To understand the problem better we shall take an example and solve step by step.
In our example,
String = “xaylmz”
Pattern = “x?y*z”
Initial Boolean array will be as shown below:
boolean_array [0][0] = True. Because, consider an empty string and an empty pattern, they both will match. Hence true.
boolean_array [0][1] = False. Because, the pattern is “x” and the string is “null”. They will not match. Hence false.
With the same analysis the whole column will become false as shown below.
Now, boolean_array [1][0] = False. Because the pattern is “null” and the string is “x”. They will not match. Hence whole row will be false.

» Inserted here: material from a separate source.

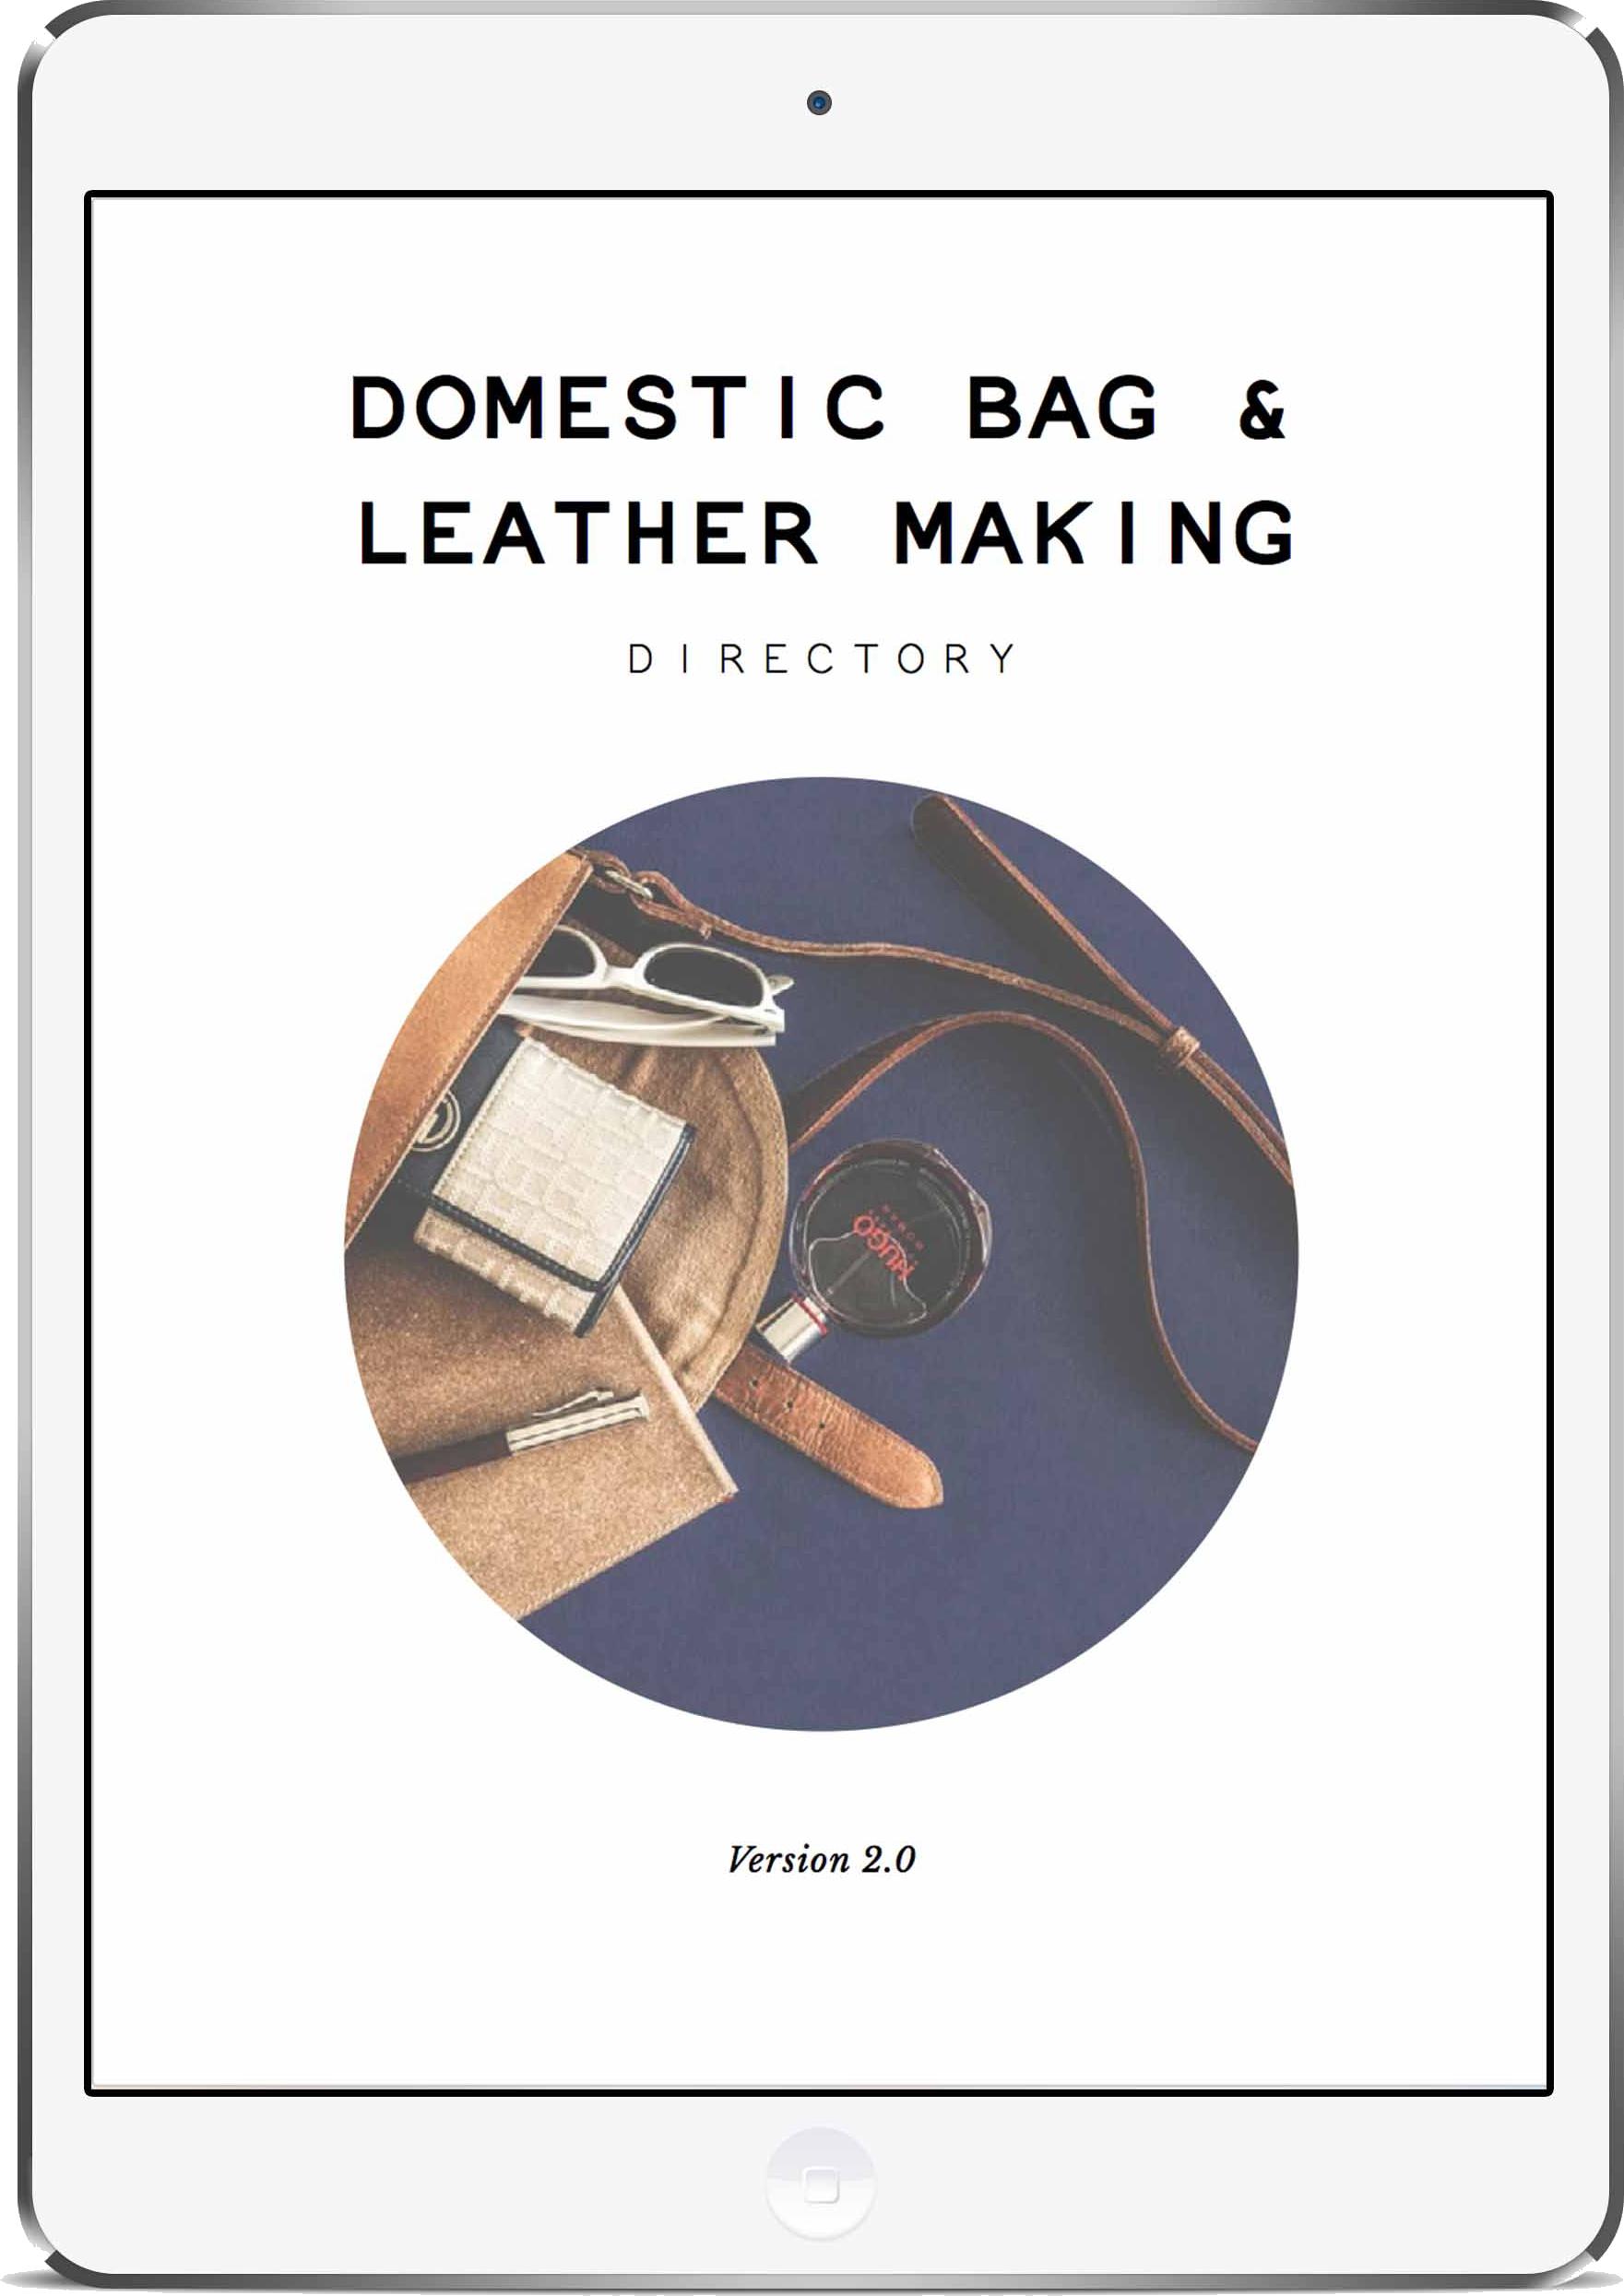 HandbagDirectoryV2.png

Now, boolean_array [1][1] = True. Because the pattern is “x” and string is also “x”. This matches our first condition. Value of boolean_array [1][1] = boolean_array [0][0], which is true.
Now, boolean_array [1][2] = False. Because the pattern is “x?” and string is “x”. This matches our first condition. Value of boolean_array [1][2] = boolean_array [0][1], which is False.
Now, boolean_array [1][3] = False. Because the pattern is “y” and string is “x”. Hence is false.
Now, boolean_array [1][4] = False. Since the pattern is “*”, we look at the value at left and top, [represented in purple], since both are false, the result is false.
Now, boolean_array [1][5] = False. Since the pattern is “z” and string is “x”, false.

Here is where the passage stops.